Watch Out America: China and Russia Are Coming After the Dollar
We’ve reported extensively on the central bank gold-buying spree that has been going on for nearly two years. Russia and China have led the way, along with several other countries including Turkey, Kazakstan, India and Poland.
Central banks are buying gold to diversify reserves and minimize exposure to the dollar. This has been the mainstream narrative and it’s true. But China and Russia have a bigger geopolitical objective. They want to undermine dollar hegemony and reduce the United States’ ability to weaponize the dollar as a foreign policy tool.
By-and-large, the mainstream has ignored this narrative.
But some people in the mainstream appear to be catching on. An article recently published by MarketWatch by Brett Arends warned America to “watch out” because Russia and China are stockpiling gold and that “this could be the start of those countries’ attack on the dollar.”
Interestingly, Arends started the column asserting he “is not a gold bug,” and rolling out some of the usual mainstream tropes against the yellow metals. But he goes on to nail the motive behind Russia and China’s move to hoard gold, citing hedge fund manager Crispin Odey.
Some of America’s biggest geopolitical rivals were stockpiling gold. Especially China and Russia … And there’s an obvious reason for China to buy gold. It wants to break up the global hegemony of the U.S. dollar — the hegemony that former French President Charles de Gaulle called America’s ‘exorbitant privilege.’ It wants to make its own currency, the renminbi, a world player. And Odey argues that buying gold bullion is a natural move. Gold reserves should add to world confidence in the Chinese currency.”
And of course, the Russians have also stockpiled large amounts of gold. There has been talk in Russia of creating a gold-backed cryptocurrency along with the creation of an alternative to the dollar-based SWIFT payment system.

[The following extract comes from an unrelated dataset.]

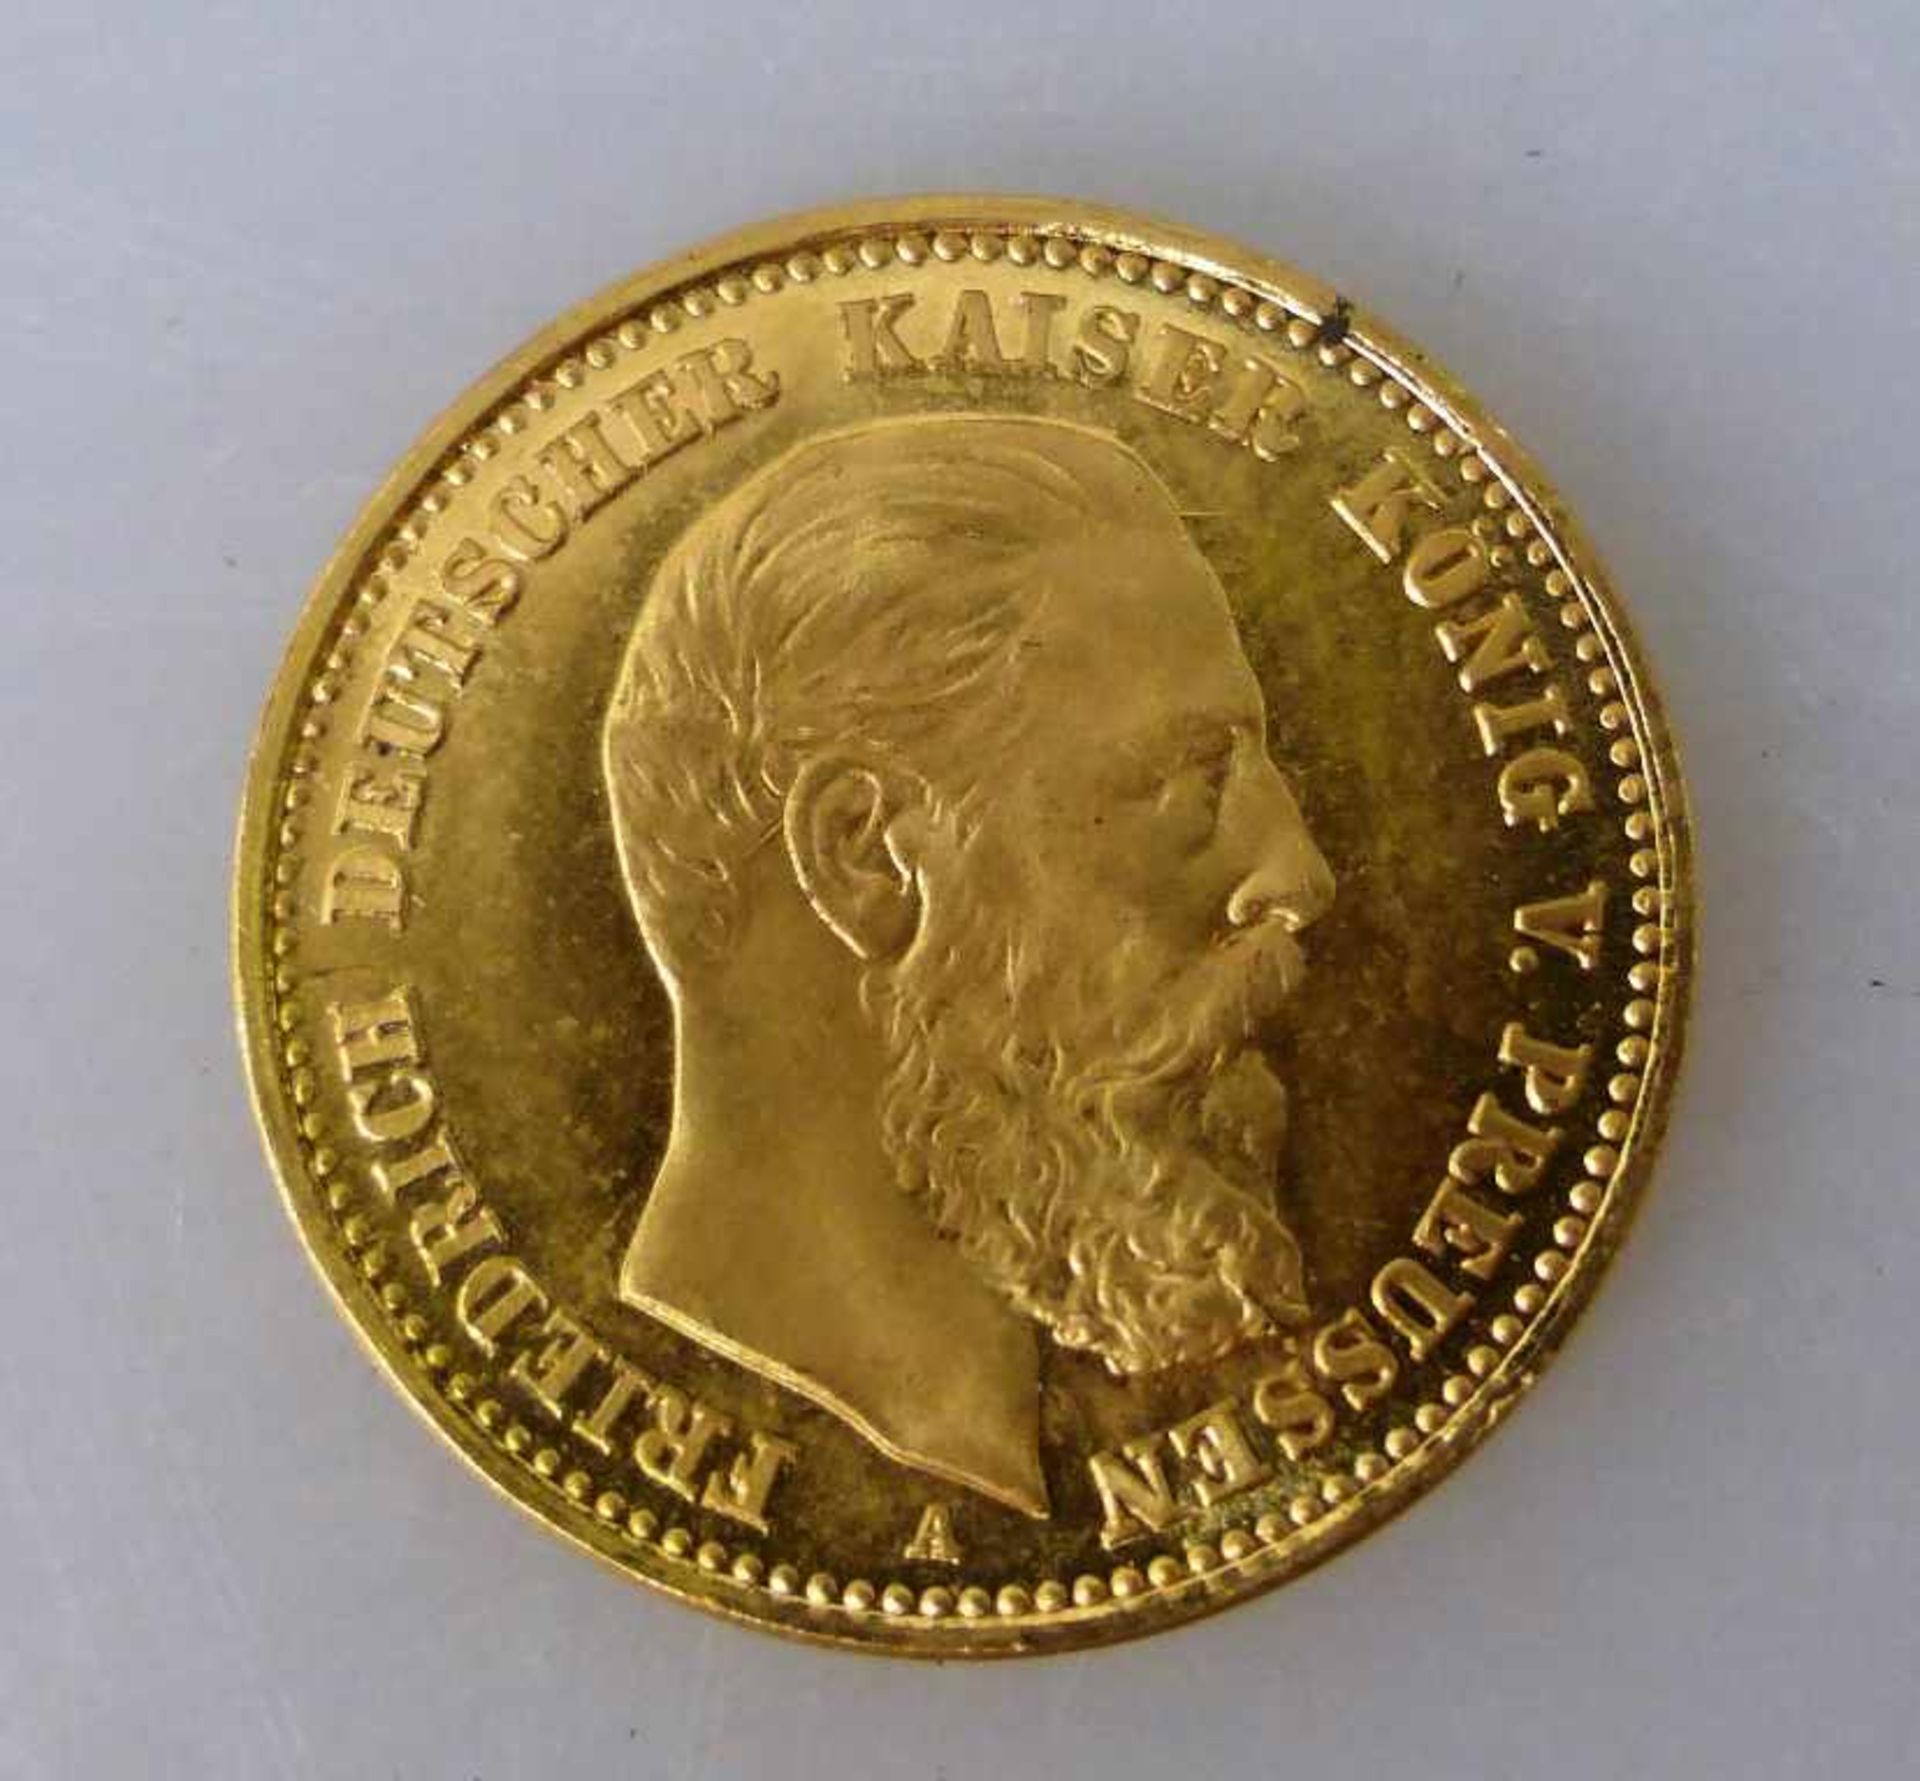 Goldmünze, 10 Mark, Kaiserreich, 1888, Friedrich König von Preussen, Prägemarke A

These moves could also set the stage to topple the dollar as the world’s reserve currency.
Simply put, Russia and China are tired of the U.S. using the dollar as a foreign policy billy club and they are looking for ways to push back.
As Arends put it, by Making America Great Again, we could be making gold great again.
We are at a very rare inflection point in history: The passage of economic hegemony. China’s economy has already overtaken America’s by one key measure, just as America’s once overtook Britain’s. These periods of transition, throughout history, have been times of instability.”
Of course, this could be good for gold, and not only due to the demand created by central bank-buying. Arends quotes Odey who said, “You want to do what the central banks are doing.”
Arends doesn’t make any predictions about how high gold could go in the future. But he concedes it could rise significantly.
In theory, some gold bugs argue, a breakdown in the dollar’s hegemony could send the yellow metal spiraling upward by several hundred percent. We shall see.”
It’s interesting to see a mainstream guy picking up this narrative.